Harris displayed three terms: at-risk, urban youth, and opportunity youth and then asked the audience what people the terms were referring to. Some students used the terms in the definition, and Harris repeatedly asked who, specifically, they meant.

“The challenge is this isn’t people-first language,” Harris said. “Not a single one of these (terms) is appropriate to be defining young people. But, in the EduWars, people who feel like they are working on behalf of students and communities who need equitable access to opportunity are the first ones using these words. ‘I work with at-risk youth.’ Who are you talking about, when did they become at-risk?”

Harris said that her three black, female daughters are also at-risk despite coming from a family where both parents went to college.

“They’re at-risk because they wake up every day black and female,” Harris said. “Yet, we use these terms ‘urban youth’ as coded language. If you’re talking about the black kids, say it … because you cannot find resolution if you don’t name the thing a thing.”

Policies need to be created with communities, not to communities.

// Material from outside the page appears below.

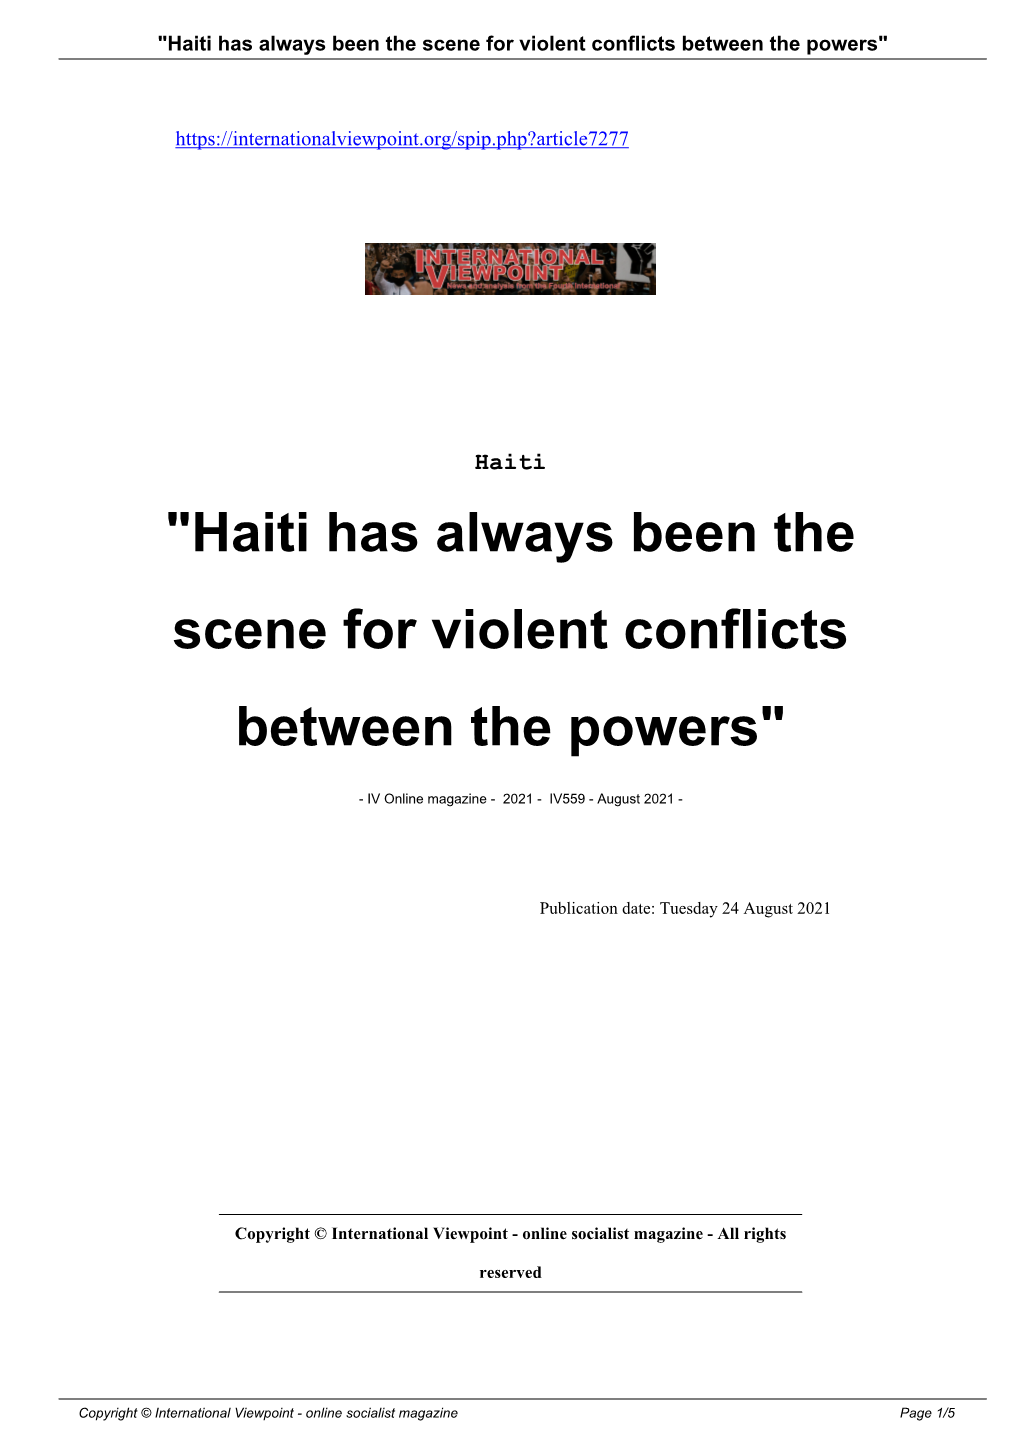 Haiti Has Always Been the Scene for Violent Conflicts Between the Powers"
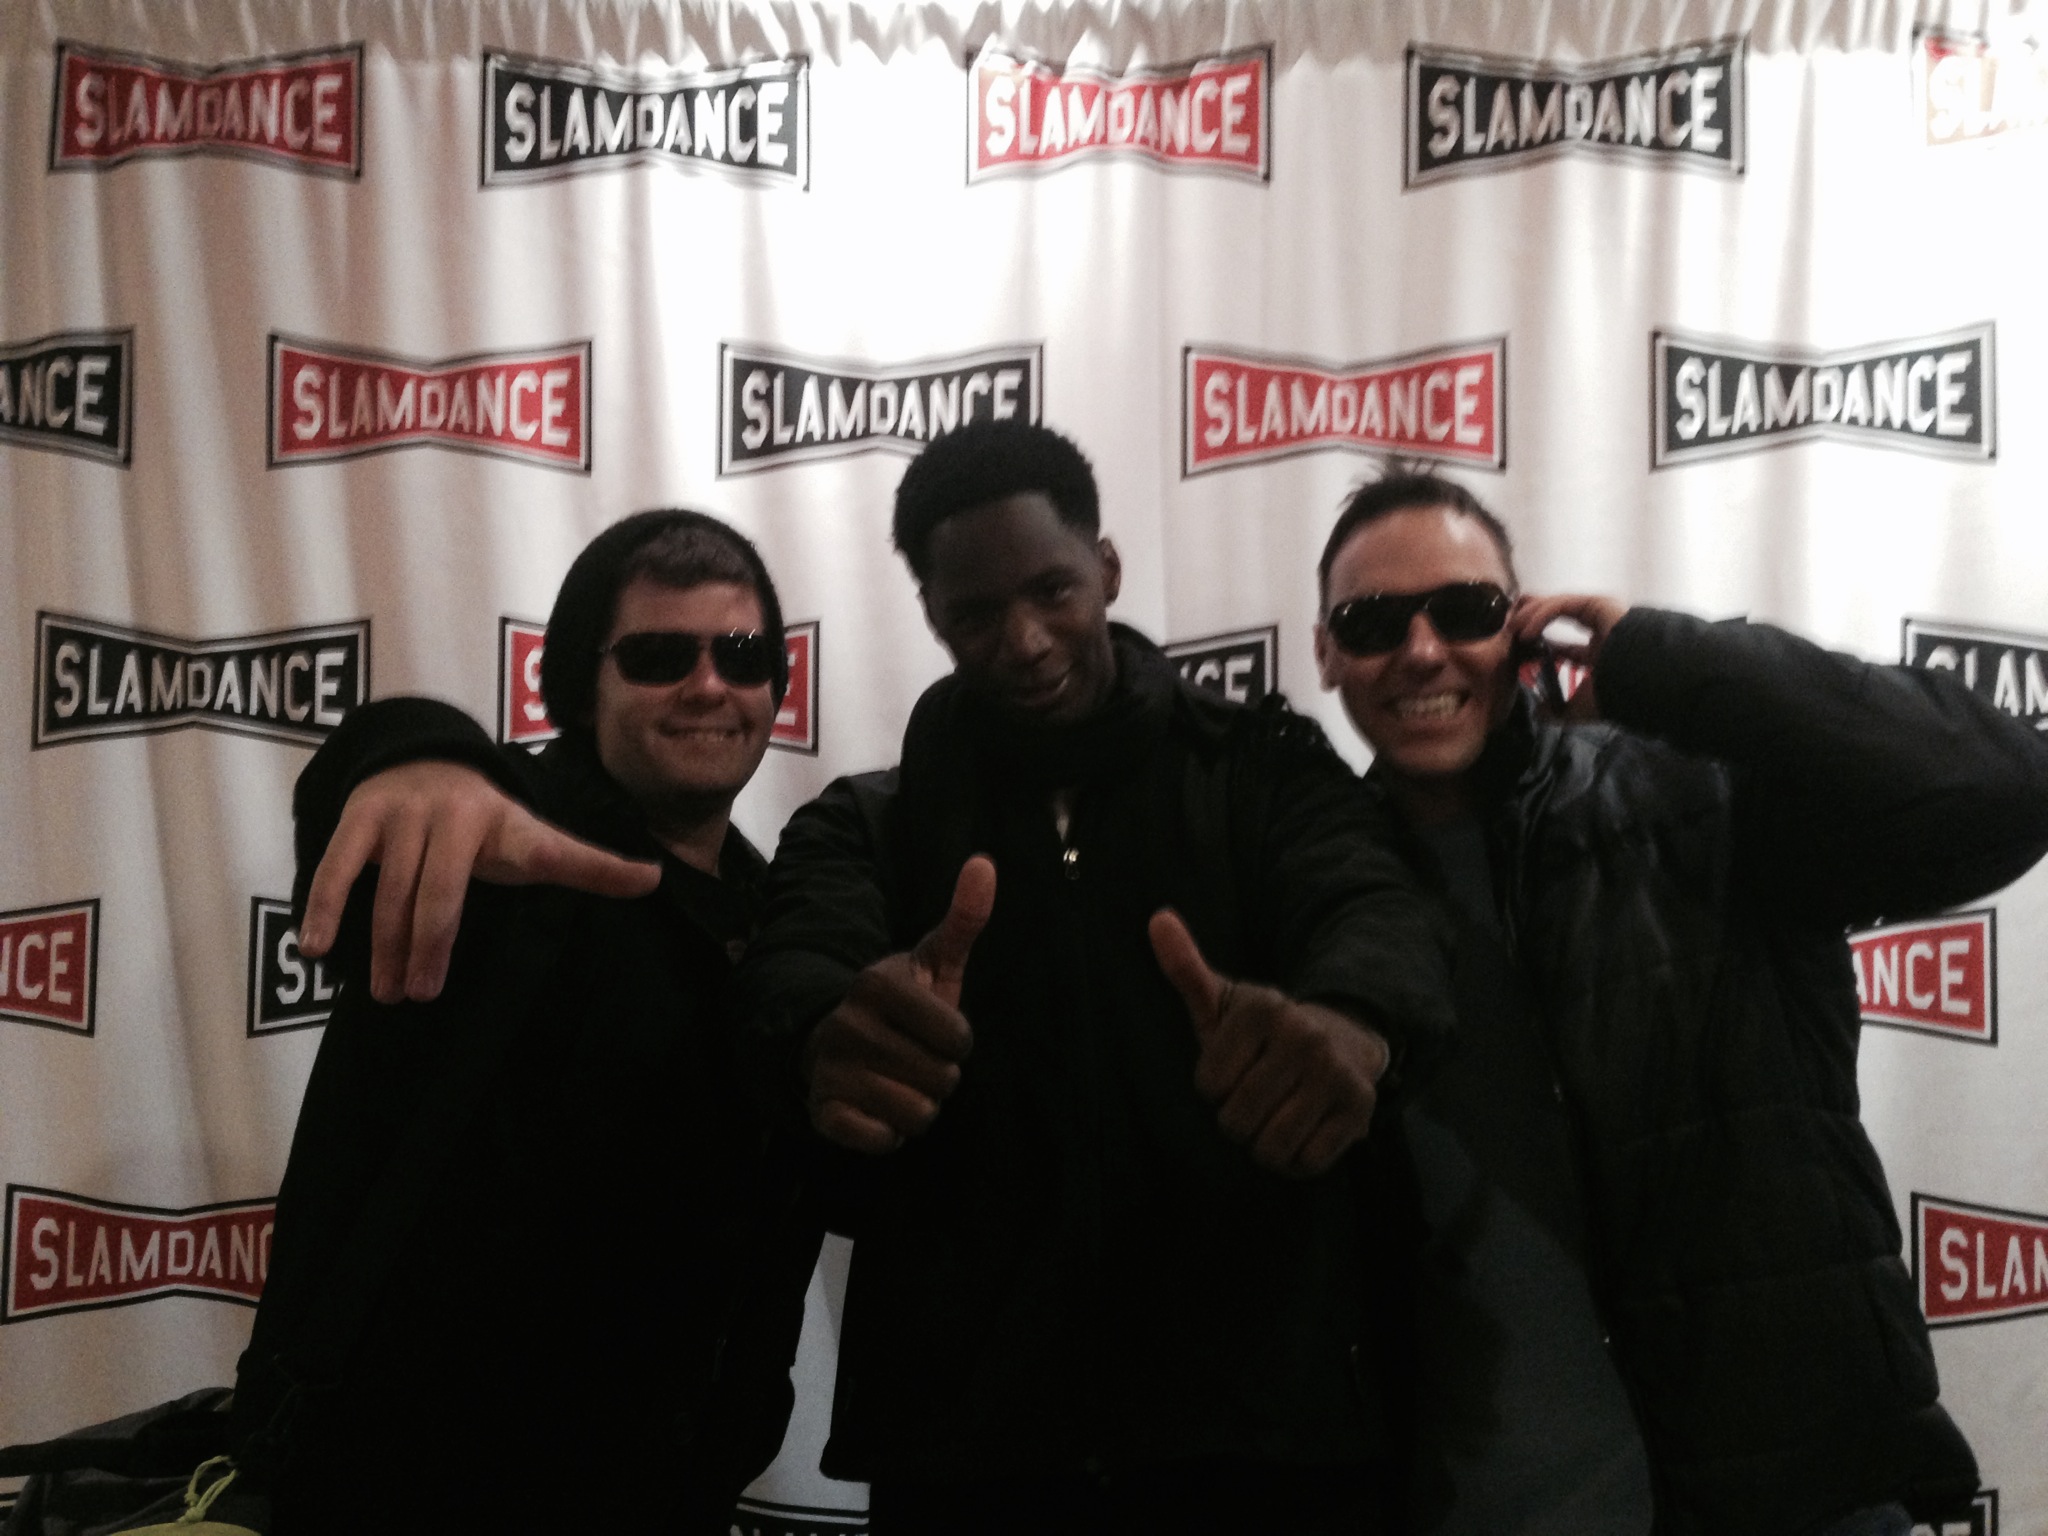 With Actor Rasheed Stephens and Publicist Josh Mitchell at Slamdance Film Festival in Utah

Well-intentioned people, Harris said, who were not from communities have made policies that have not worked for students.

“In many ways, we’re at square one when it comes to gaps in achievement,” Harris said.

Black Lives Matter, teacher strikes and the prison to pipeline movements have been starting conversations about education inequities, but Harris said that students and educators are still underrepresented in discussions about education reform.

“Often times, in my space, not a single educator, parent or student is in the space, much less on a panel,” Harris said. “I will not accept the panel invitation if there’s not an educator or student on it. Because they’re an expert, and they live the experience. If the room’s not hearing their ideas balanced against my ideas … then the conversation is not rich and robust. It’s my responsibility to say that I don’t want to participate in the warring between charter and non-charter, corporate reform … instead, I want to work towards solutions.”

Harris concluded by reminding the audience that it is important to use people-first language to ensure that it is clear for whom they are fighting. She also advised against romanticizing Brown v. Board because the concept means that if black and white kids simply sit together, black kids will get a better education. This led to many black teachers and teachers of color losing their jobs.

“We also can’t sit on our high horses, either from academia or a think-tank or wherever we may work, and say we have the answers,” Harris said. “If your practice doesn’t take a race equity lens, if your practice does not support people coming to the table and really brainstorming and co-creating together, then you’re probably creating a policy that’s going to lead to another round of EduWars. Policy has to be done with community and not to community.”

Black people often don’t want to pull their kids out of the local schools, Harris specified, but that’s not what many people who support charter schools say.

“Actually, black people love strong communities,” Harris said. “Latinx people love strong communities. White people love strong communities. There’s no difference between us in that way. Sometimes, the reforms and the policies that are being suggested prey on the vulnerability of community for the sake of that person’s idea instead of going to those people and asking them what they really need.”

Jessica Garcia, ’20, said she appreciated Harris’s focus on community-based solutions.

“I had no knowledge of charter, public, all of these different things, and I like that she struck a balance between the good and bad of all of these institutions,” Garcia said. “Also, (Harris) described a solution that was based on focusing on community, which I really appreciated.”

Bulgarides said he took a lot from the lecture in relation to his own studies.

“Dr. Harris, unlike so many other visitors that we’ve had at Allegheny, did not lecture to us but engaged in a dialogue with us,” Bulgarides said. “For students who have not taken education courses, she certainly gave us reasons to care about inequity in education. She was a symbol of hope and progress.”